Сквозь дым я мог видеть движущиеся тени, заходящие в комнату. Было все еще плохо видно, но я мог различить очертания людей, входивших в комнату. Судя по запаху, люди. Когда дым рассеялся, я увидел, что их было двенадцать. Некоторые были в темных костюмах и галстуках, с оружием в руках, в то время как несколько других были одеты в камуфляжную форму, держа в руках длинные металлические предметы, похожие на то, что используют ловцы собак, чтобы поймать бездомную собаку.
Я побежал за Сиренити. Вампиры вскочили на ноги за считанные секунды и направились прямо к мужчинам. Раздались выстрелы, эхом отражаясь от металлических клеток. Когда я подбежал к темной комнате, заметил голову с белыми волосами. Сиренити стояла спиной вперед, вытаскивая что-то из темноты. Она подхватила мужчину под мышки и потащила его из камеры. У мужчины была такая же копна светлых волос, как у Сиренити, что подтверждало тот факт, что это действительно был Шон Харкер во плоти.
— Отдай его мне! — Крикнул я, бросаясь к своей паре и подхватывая Шона прямо с пола и из ее рук. — Я держу его.

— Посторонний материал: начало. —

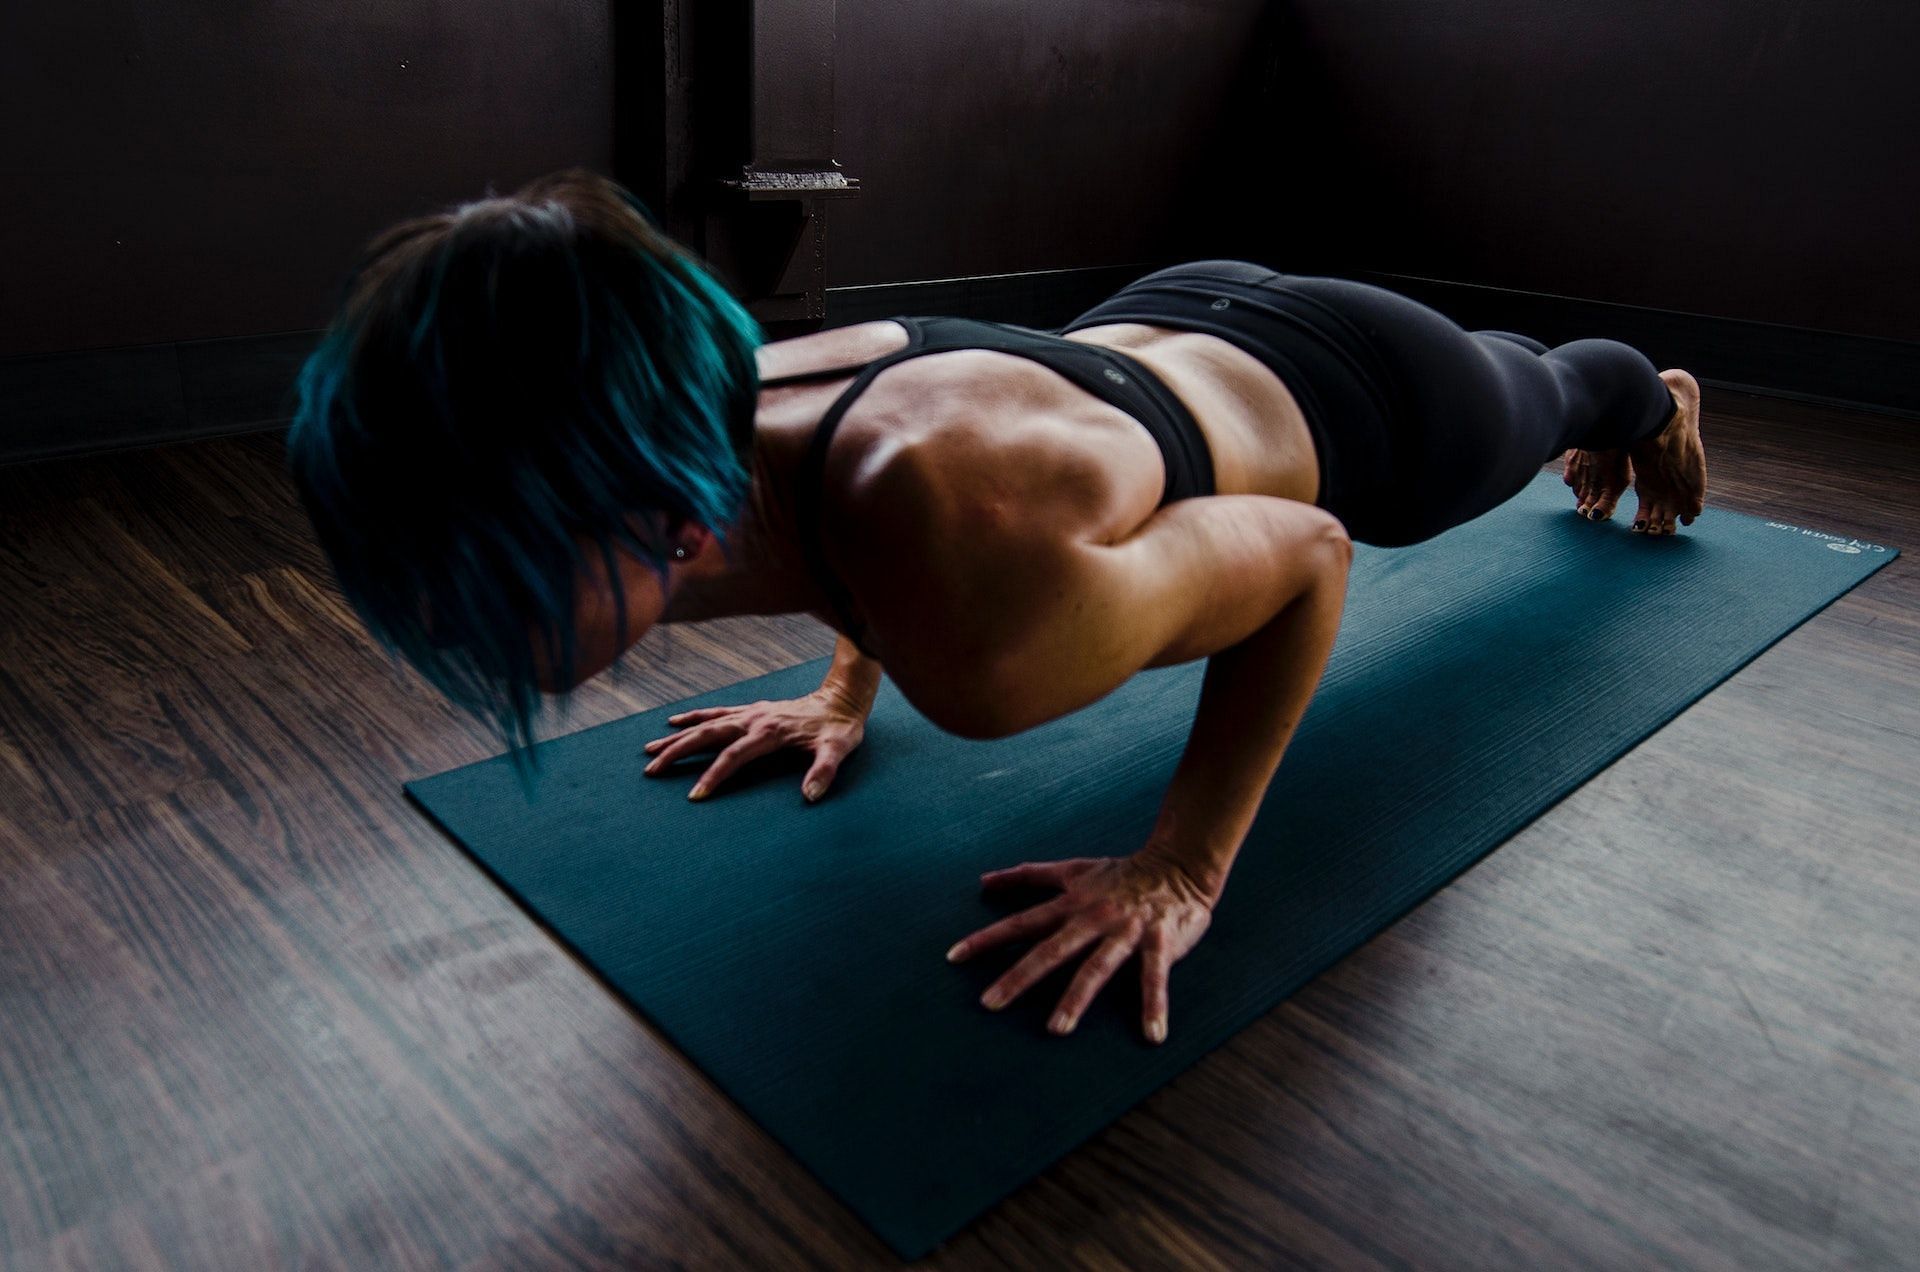 Mountain climbers target the shoulders, chest, back, core, and arms. (Photo via Pexels/Karl Solano)
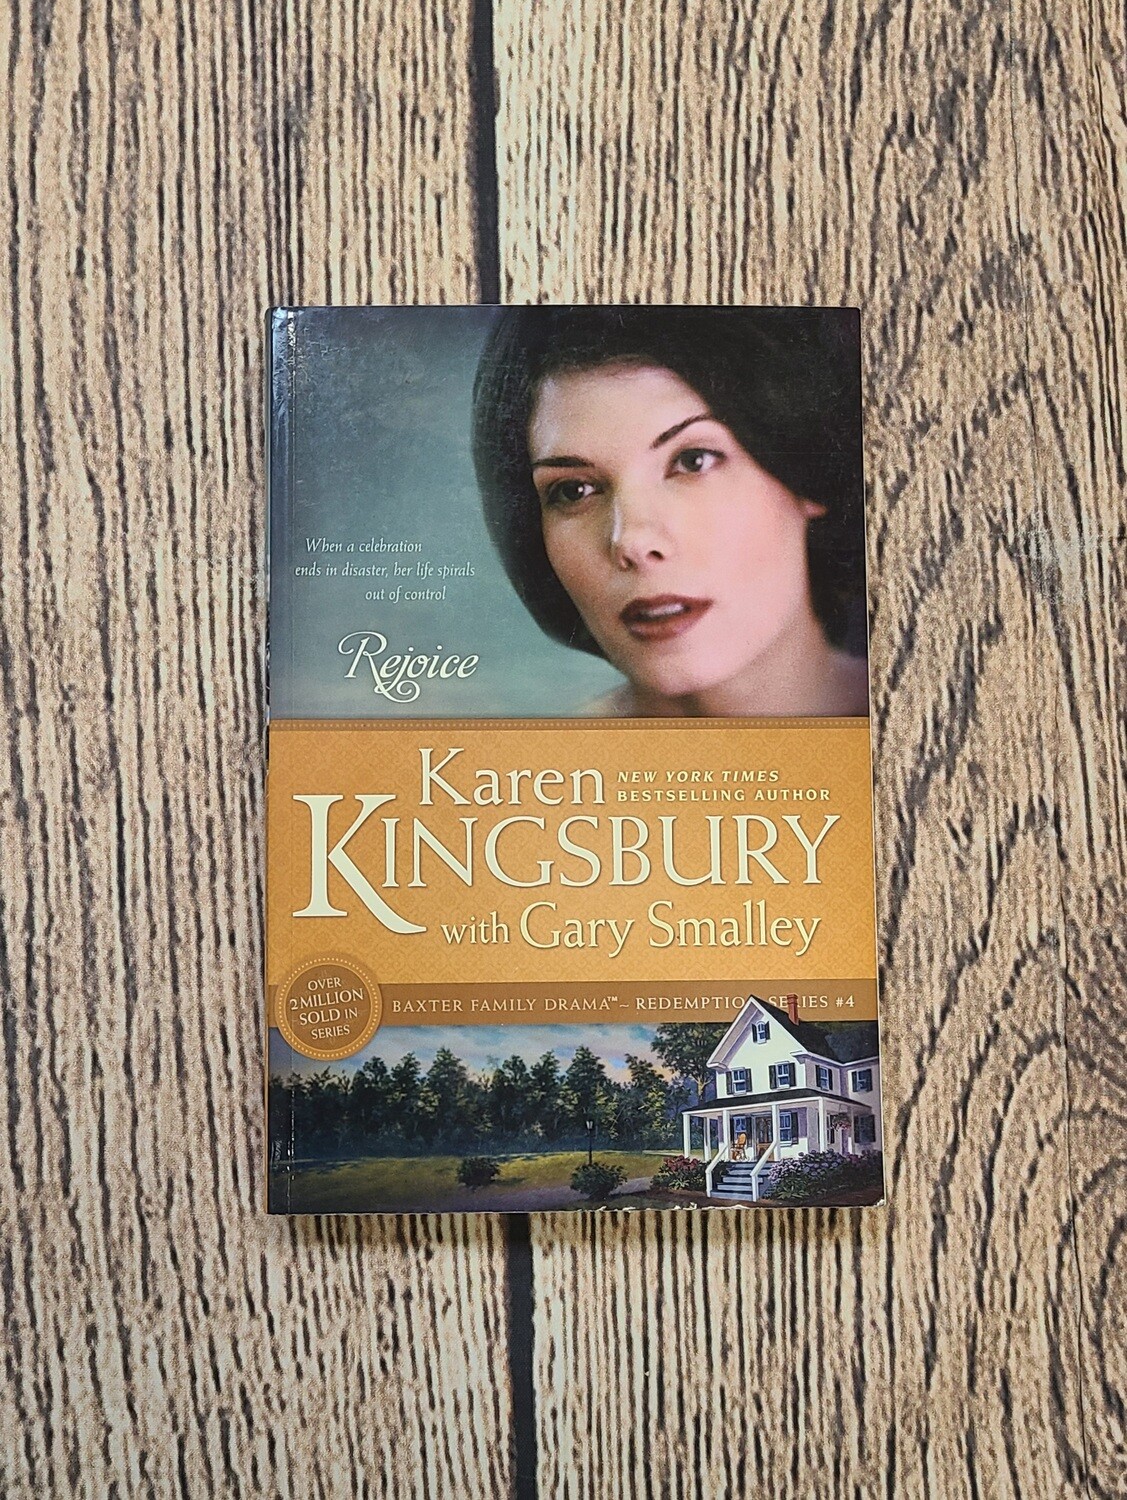 Rejoice by Karen Kingsbury with Gary Smalley - Paperback - Great Condition

Черт!.. Он почти ничего не весил, и был совершенно голый, кожа да кости. Его знакомое лицо было изможденным, под глазами залегли темные круги. Руки и шею усеивали следы от протекторов.
Сиренити упала на колени, и внезапный крик сорвался с ее губ. Крик был таким громким и пронзительным, что заставил всех в комнате ненадолго остановиться, но это продолжалось недолго, прежде чем воздух прорезали новые выстрелы, несколько из которых просвистели прямо над моей головой.
Я никогда раньше не слышал такого крика, как у нее. Это была агония, ясная и незатейливая. Я хотел дотянуться до нее, но держал Шона в своих объятиях и знал, что он вполне может сломаться, если отпущу его сейчас. Она снова закричала, упершись локтями в пол. Ее ногти удлинились, царапая и впиваясь в бетон.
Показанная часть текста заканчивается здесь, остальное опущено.